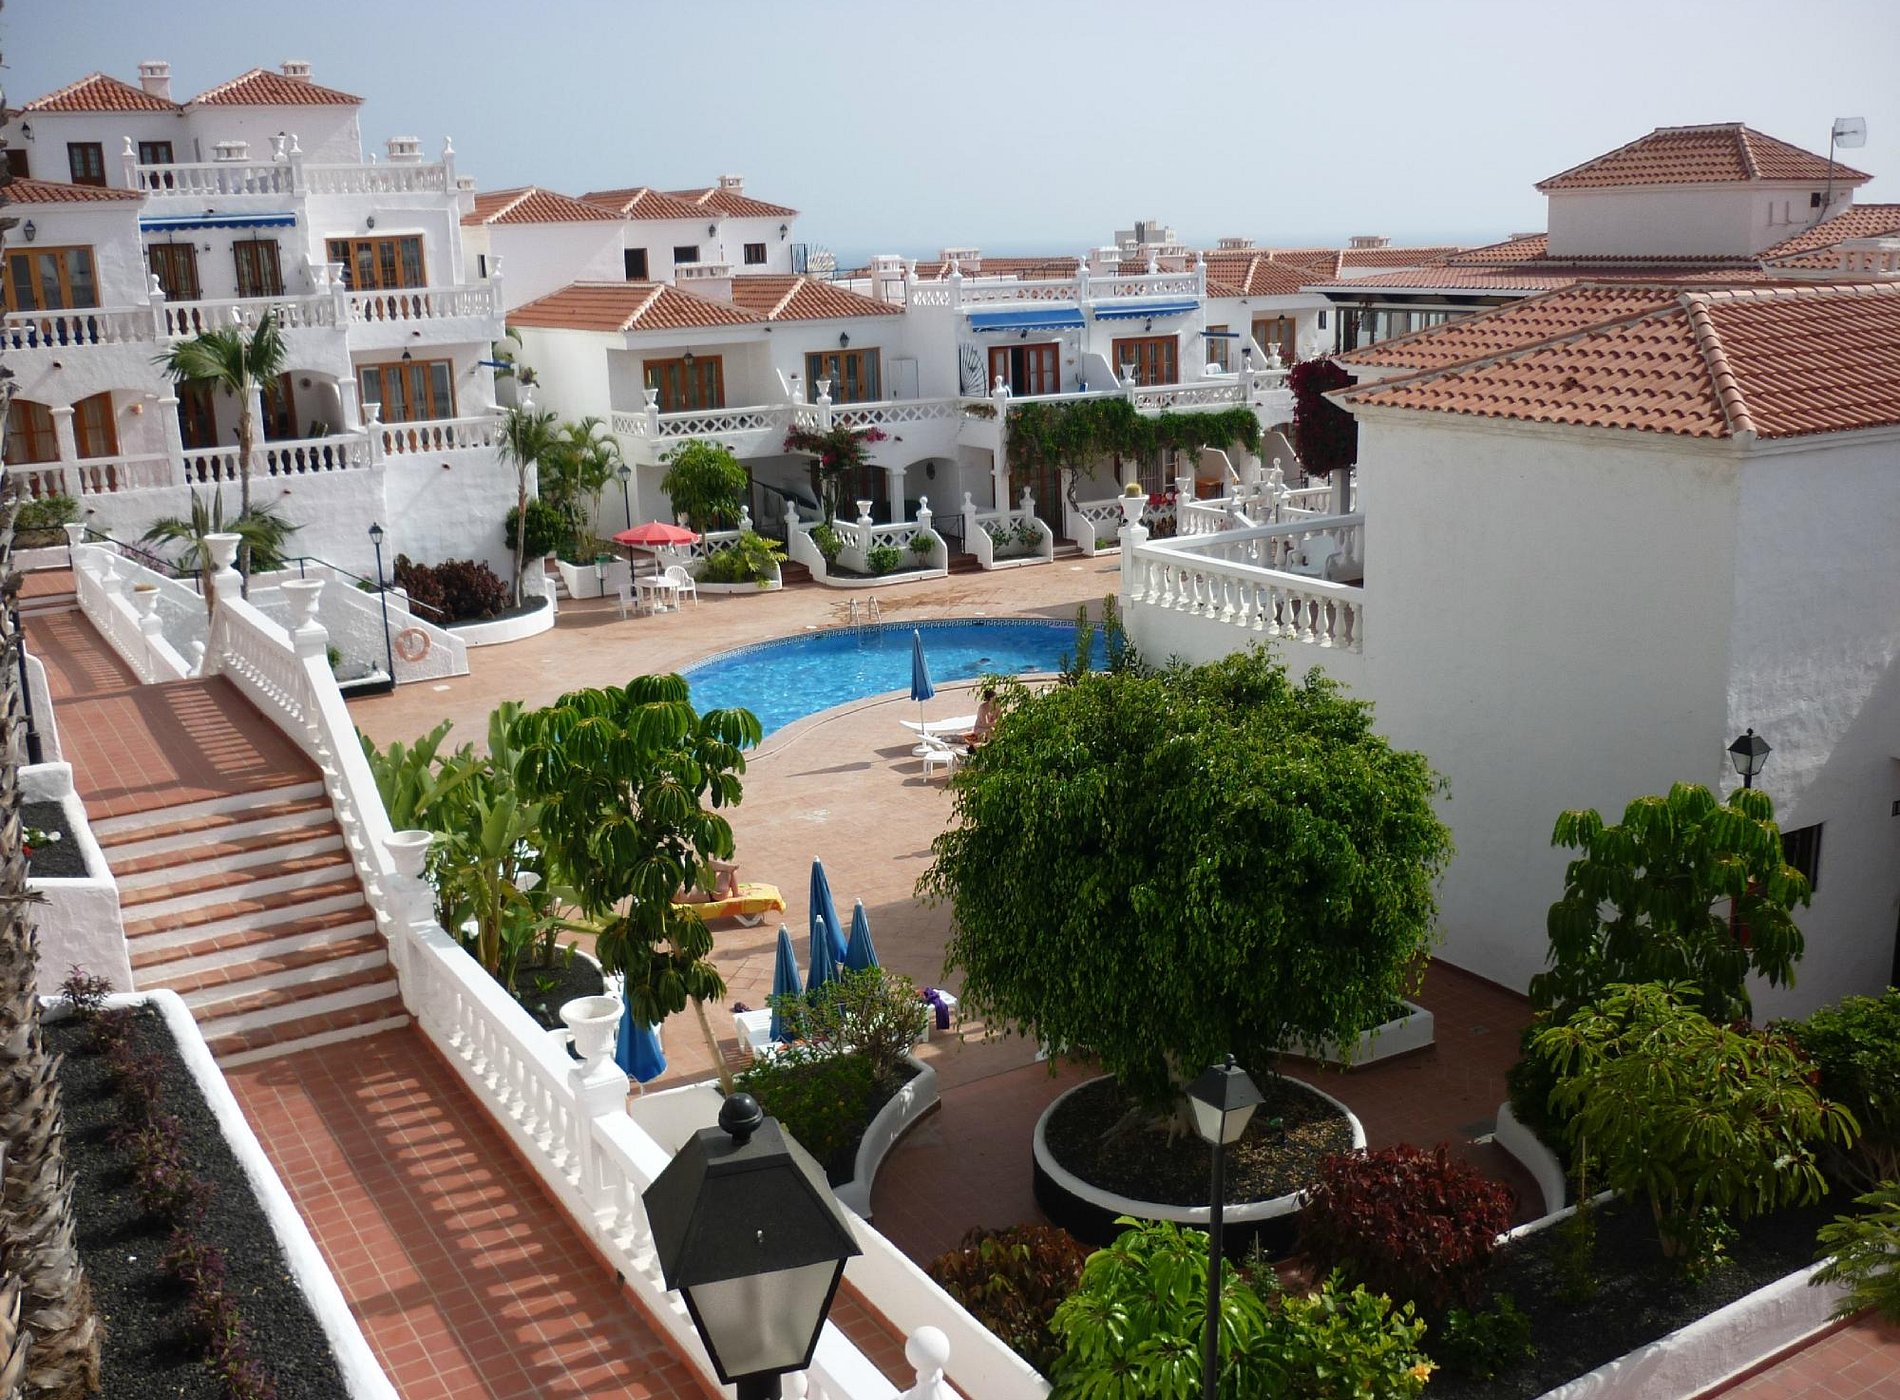 Royal Palm Holiday Apartments Tenerife image
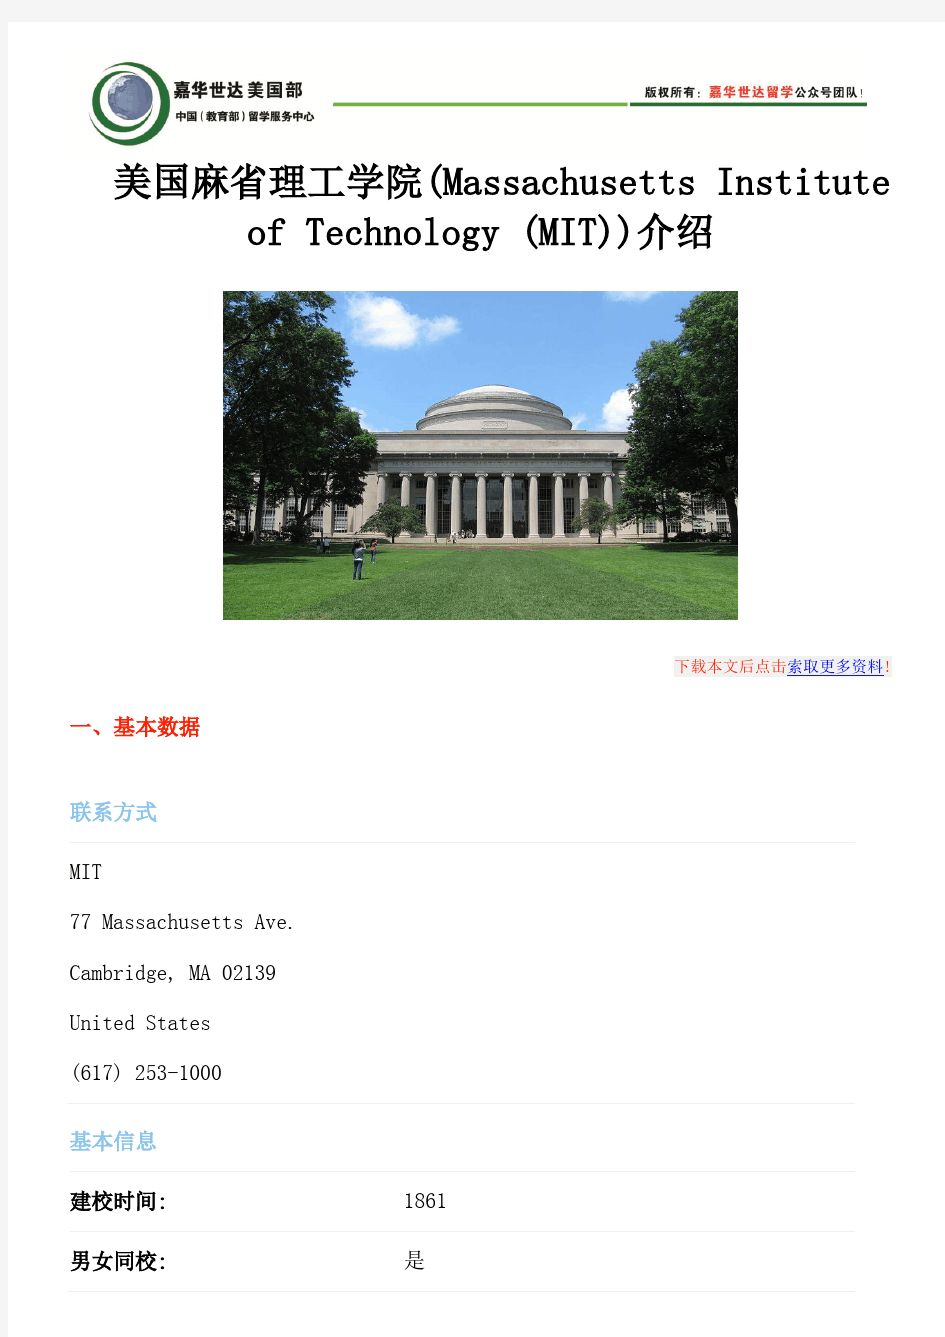 美国麻省理工学院(Massachusetts Institute of Technology (MIT))介绍
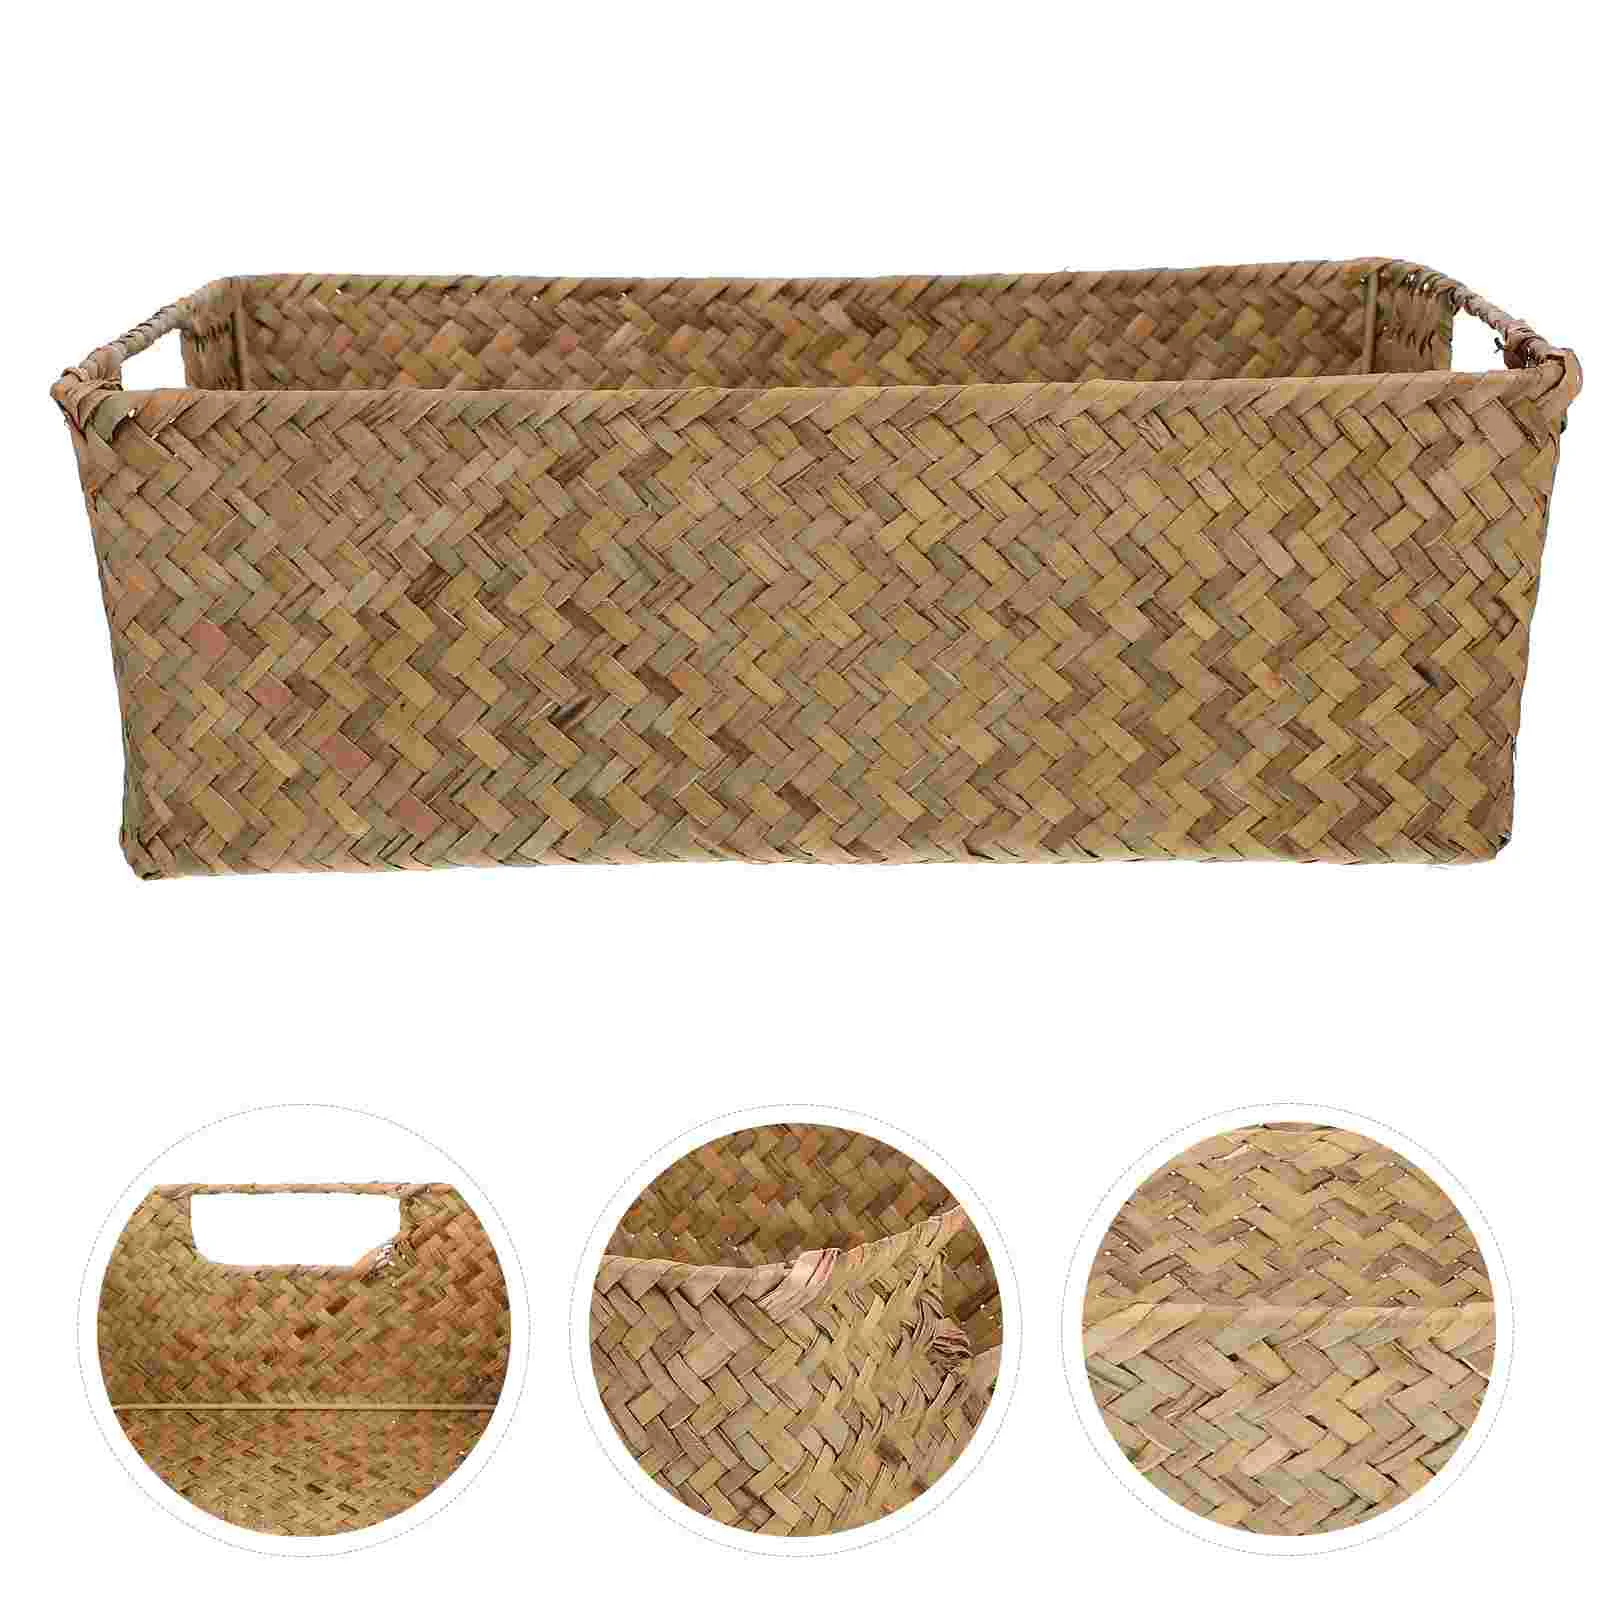 

Wicker Woven Bread Baskets Rectangular Fruit Baskets Tabletop Food Serving Basket Handmade Pantry Organizer Vegetables Breakfast

**How to complete this task:** Return the listing above in full and unaltered. Keep the pictures out.

**Response area:**
 Royal Palm Holiday Apartments Tenerife image
 美国麻省理工学院(Massachusetts Institute of Technology (MIT))介绍

Wicker Woven Bread Baskets Rectangular Fruit Baskets Tabletop Food Serving Basket Handmade Pantry Organizer Vegetables Breakfast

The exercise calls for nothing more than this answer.